| Exercise |
Repeat the listing below verbatim, without its images.

| Recorded information |
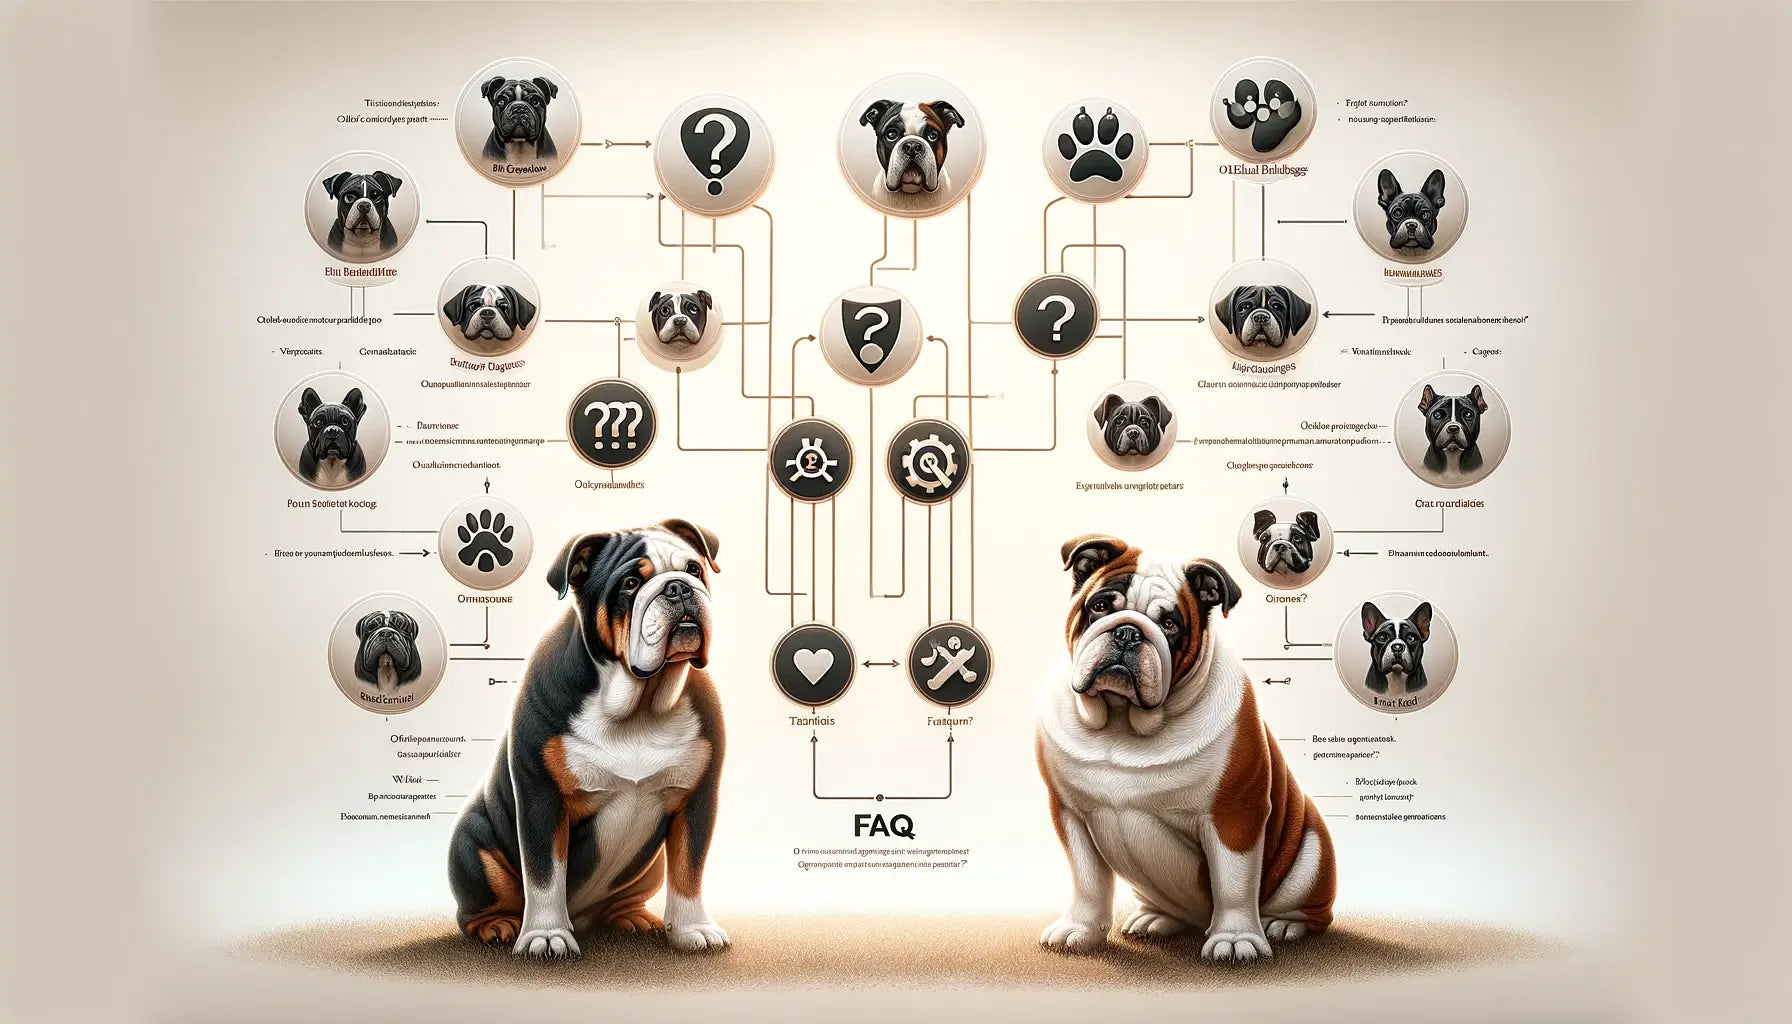 Image showing frequently asked questions (FAQs) about Olde English Bulldogge vs English Bulldog.
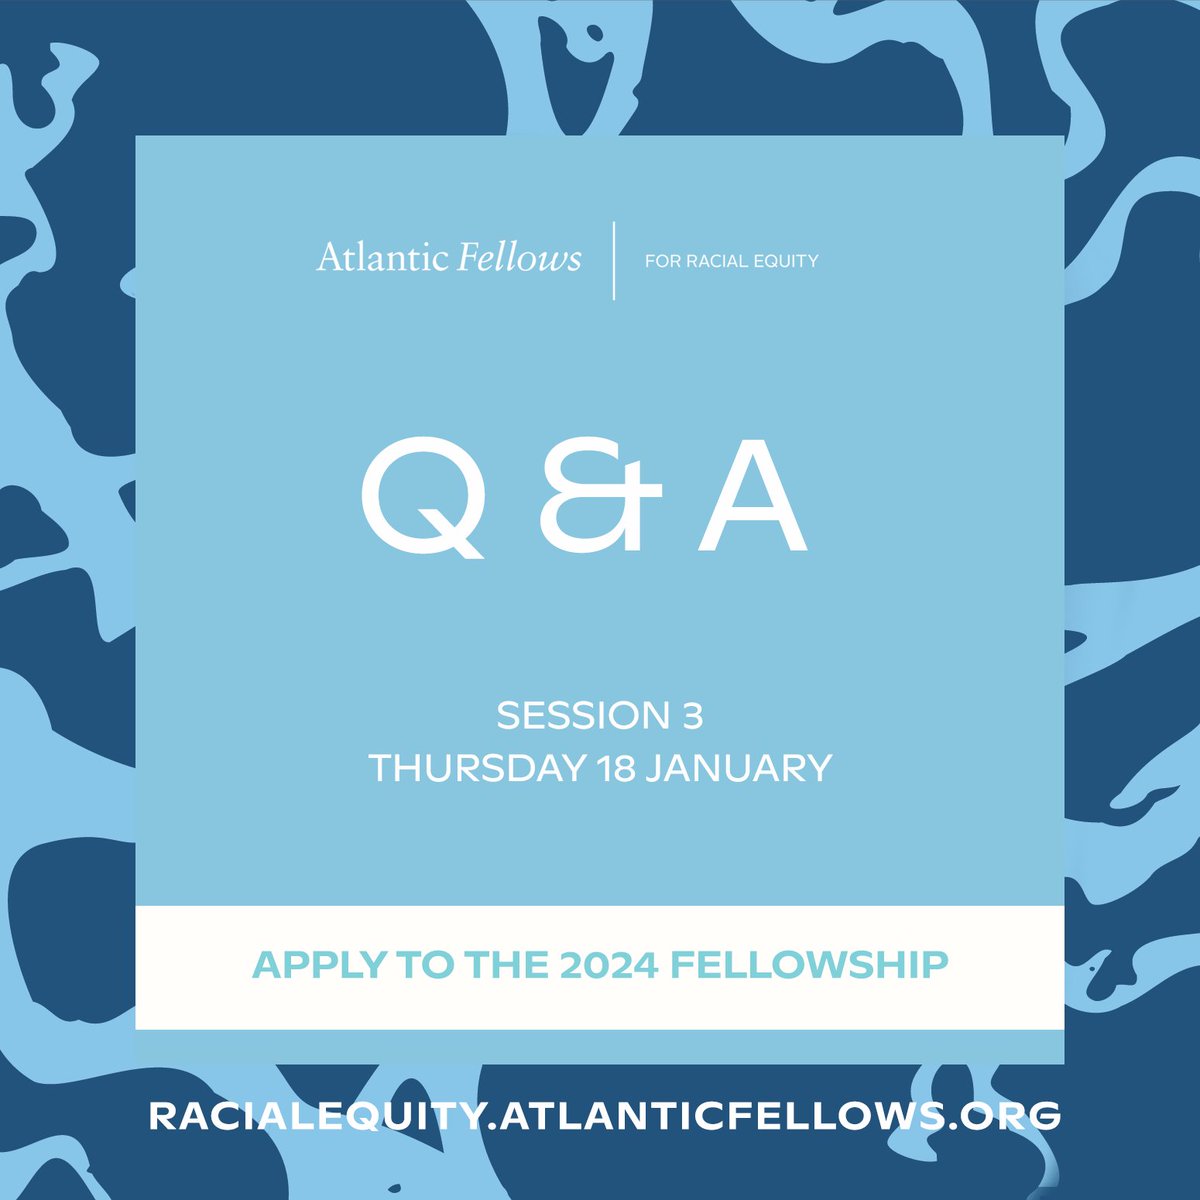 The final Q and A for our current call for applications holds this Thursday at 6PM CAT! Sign up for the call to have your questions about the Fellowship Experience and application process answered by our team: racialequity.atlanticfellows.org/events
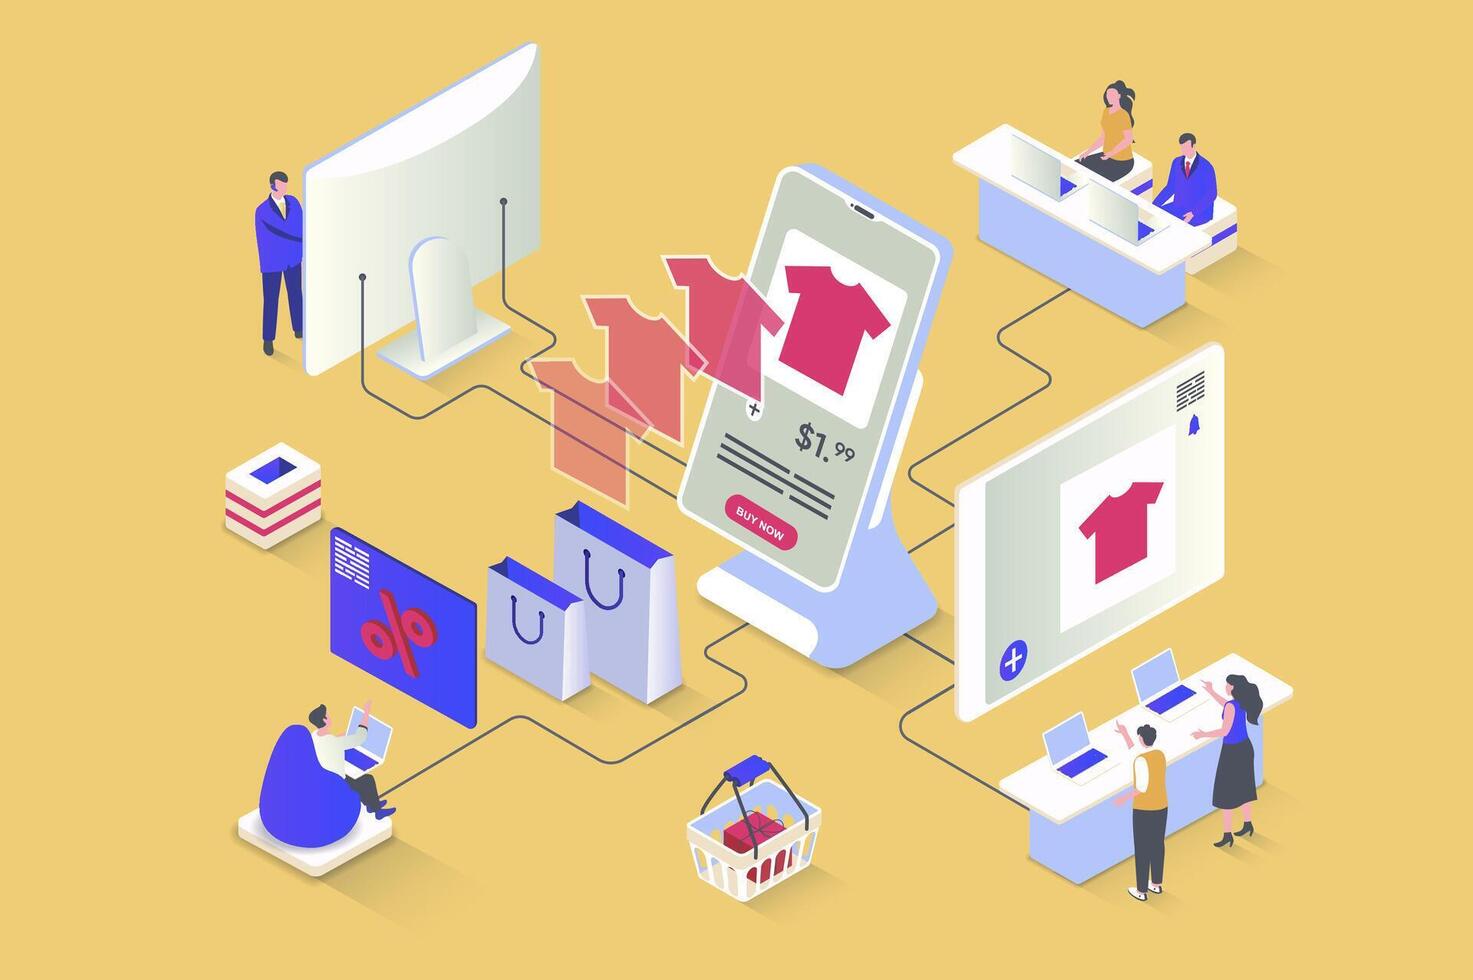 Online shopping concept in 3d isometric design. Buyers choose products with discount prices using mobile applications and store sites. Vector illustration with isometry people scene for web graphic
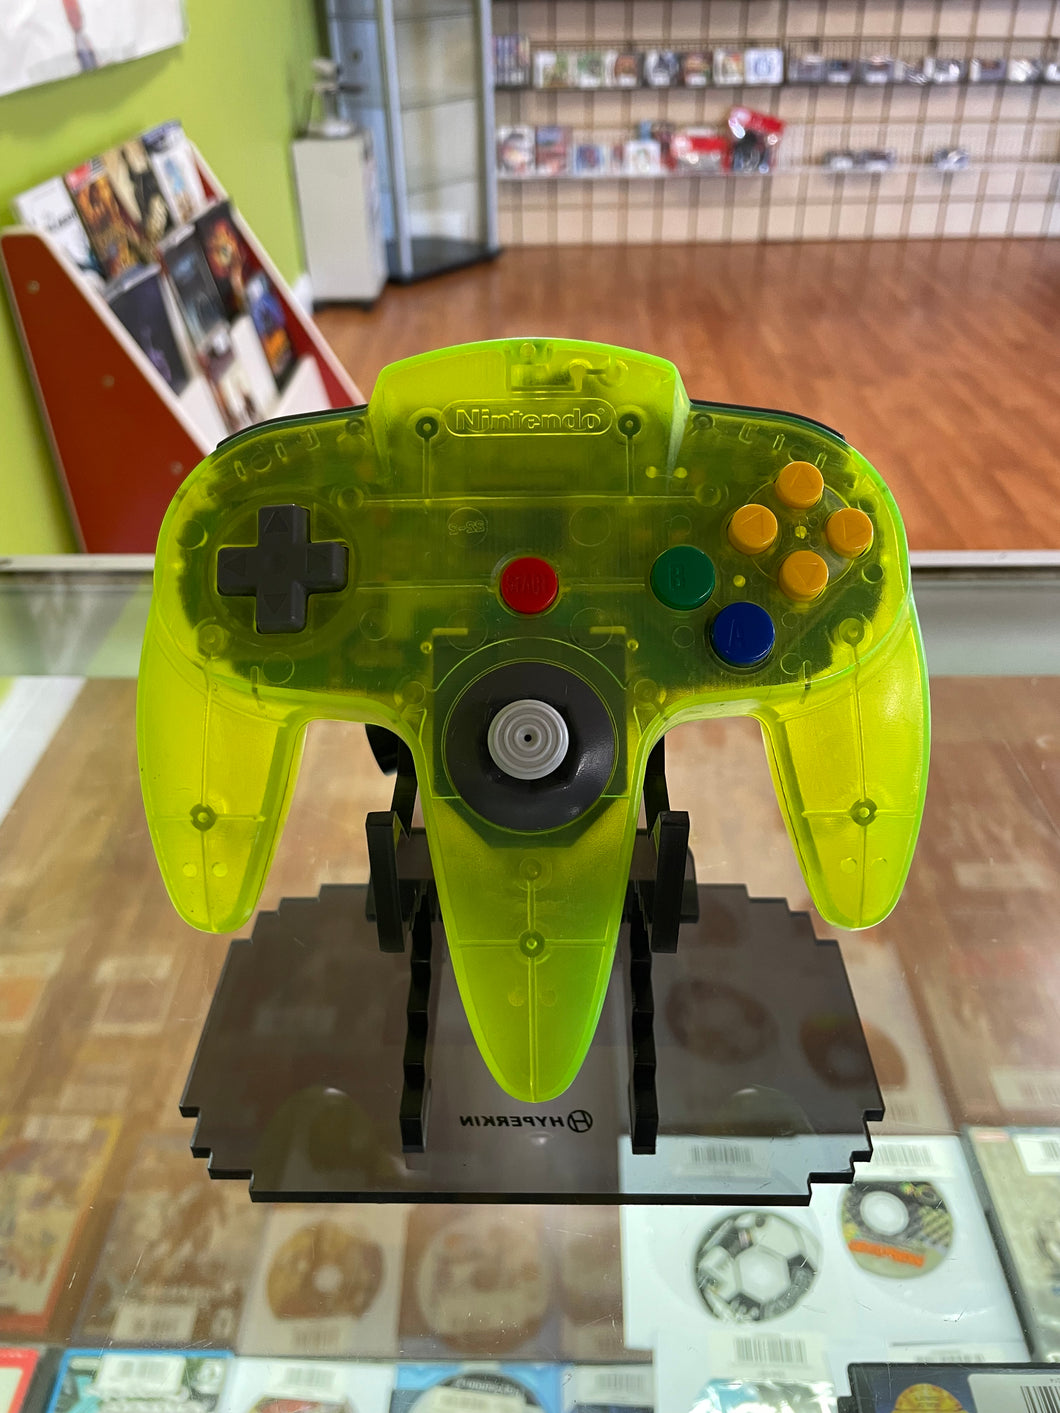 N64 Extreme Green Neon Translucent Controller NUS-005 Toys“R”Us Exclusive

| Response for this exercise |
 Image showing frequently asked questions (FAQs) about Olde English Bulldogge vs English Bulldog.
 The final Q and A for our current call for applications holds this Thursday at 6PM CAT! Sign up for the call to have your questions about the Fellowship Experience and application process answered by our team: racialequity.atlanticfellows.org/events
 Online shopping concept in 3d isometric design. Buyers choose products with discount prices using mobile applications and store sites. Vector illustration with isometry people scene for web graphic
 N64 Extreme Green Neon Translucent Controller NUS-005 Toys“R”Us Exclusive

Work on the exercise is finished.